The pilot stage gravity pressure vessel is 9.625 inch (24.45
cm) diameter vessel housed within a 12.5 inch (31.75 cm) containment
casing with an overall depth of 2,000 feet (609.6 meters).
The annulus between the containment casing and the gravity
pressure vessel is evacuated to at least 1/1000 of an atmosphere.
Concentrically spaced within the gravity pressure vessel is
a 7.5 inch (19.05 cm) heat exchange tubular open at the bottom
within the gravity pressure vessel. The annulus between the
gravity pressure vessel wall and the heat exchange tubular
is defined as the downdraft. Concentrically spaced within
the heat exchange tubular is a 4 inch diameter (10.16 cm)
jacketed tubular bundle delivering selected fluids to the
reaction zone within the bottom of the sealed gravity pressure
vessel. The nominal capacity would be 25 to 100 tons of suspended
solids per twenty four hour period.
Design details have been worked out for individual vessels
of as much as 1000 tons per day, as well as gravity pressure
vessels as large as one meter in diameter. Given the commercial
considerations in the central states of the USA, the minimum
size commercial facility should have a capacity of not less
than 400 tons per day (ignoring the weight of water in the
raw material). In the event ethanol as the primary base load
product does not enjoy legislative use requirement which impacts
the sale value, a privately funded viable commercial facility
marketing ethanol at commercial gasoline wholesale prices
would have to be between 800 and 1200 tons organic raw materials
per day. Commercial facilities would involve at least two
gravity pressure vessels or more depending on the client needs
and the annual peak average twenty four hour -- two day loading.

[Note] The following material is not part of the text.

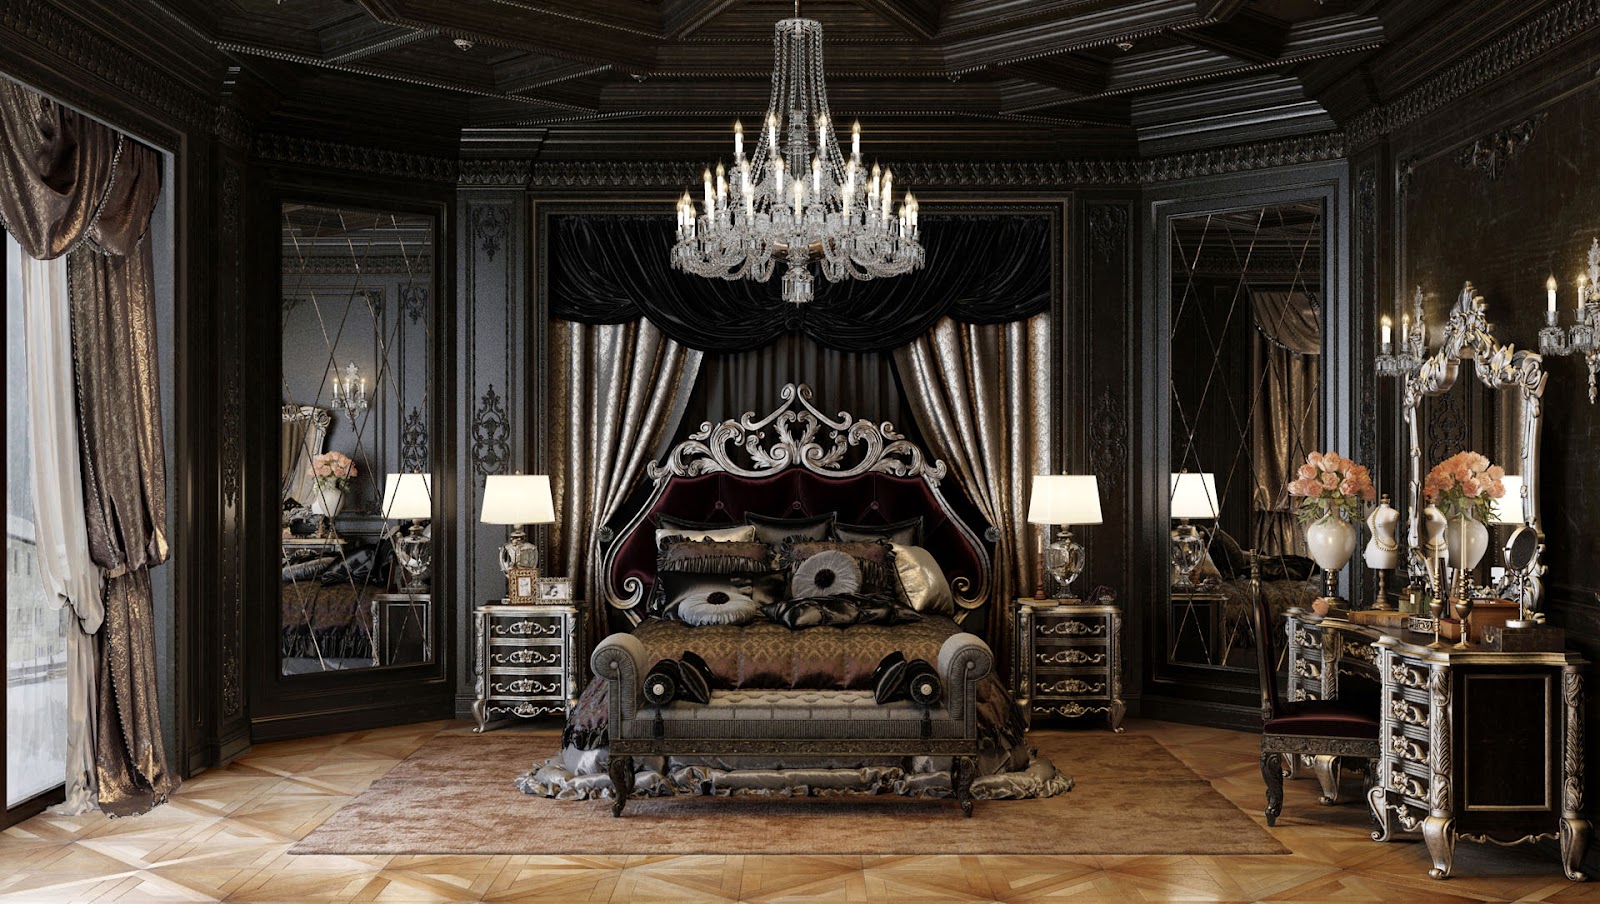 Royal Black bedroom ideas

The depth of the gravity pressure vessel is determined by
a minimum pressure requirement and a minimum heat transfer
area between the downdraft and the updraft.
After the gravity
pressure vessel fluids pass through a clarifier sized to settle
out oxidized metals (2 to 20 microns), dust particles and
calcium salts. If the raw material feed has significant hemi-cellulosic
materials, furfural may be stripped from the solution. The
cleaned saccharides solution then advances to temperature
controls and fermentation. Considerable interest of late has
focused on the technique of "cascade fermentation"

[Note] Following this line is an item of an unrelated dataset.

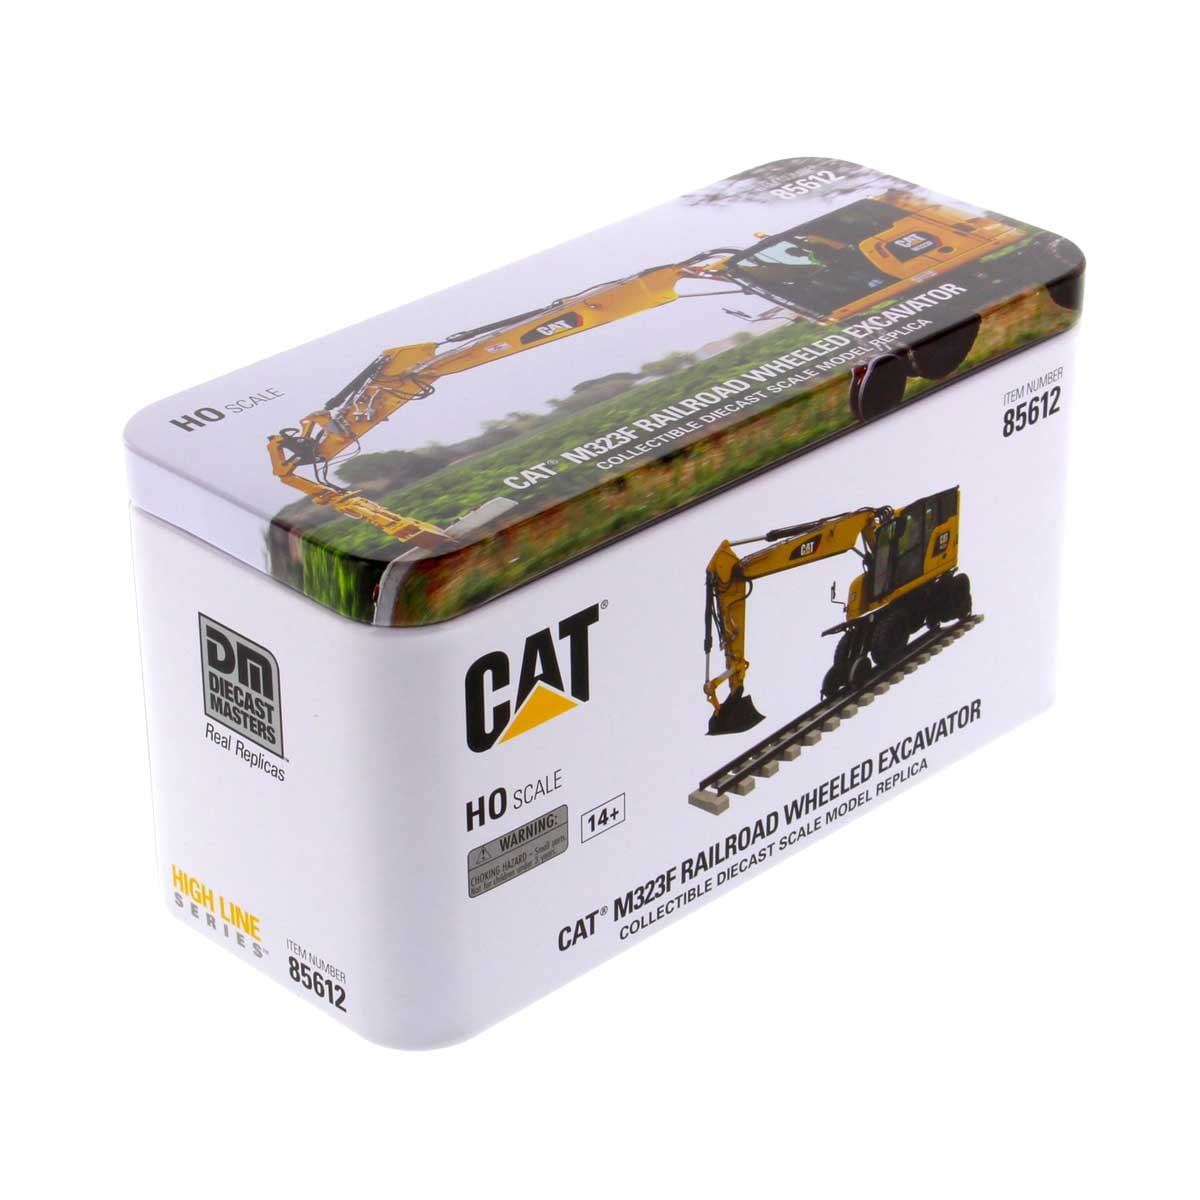 85612 Cat Caterpillar M323f Railroad Wheeled Excavator

to take maximum advantage of the anticipated mix of saccharides
produced from broad spectrum raw materials. Refractory cellulosic
fibers may be recycled through the gravity pressure vessel,
or separated for enzyme treatment.
Multiple byproducts are anticipated for cost effective removal
including yeasts, urea, acetic acid xylose, glycol, and others
to be removed from the pre-distillation stream and from plant
water directed to wastewater treatment and/or plant recycle.
Any materials that can be extracted will reduce the cost and
degree of difficulty of wastewater treatment, even if the
value of the extracted material in unit value and amount,
is not fully self supported.
The entire process (including wastewater treatment) is closed
without intentional loss of water or product vapors.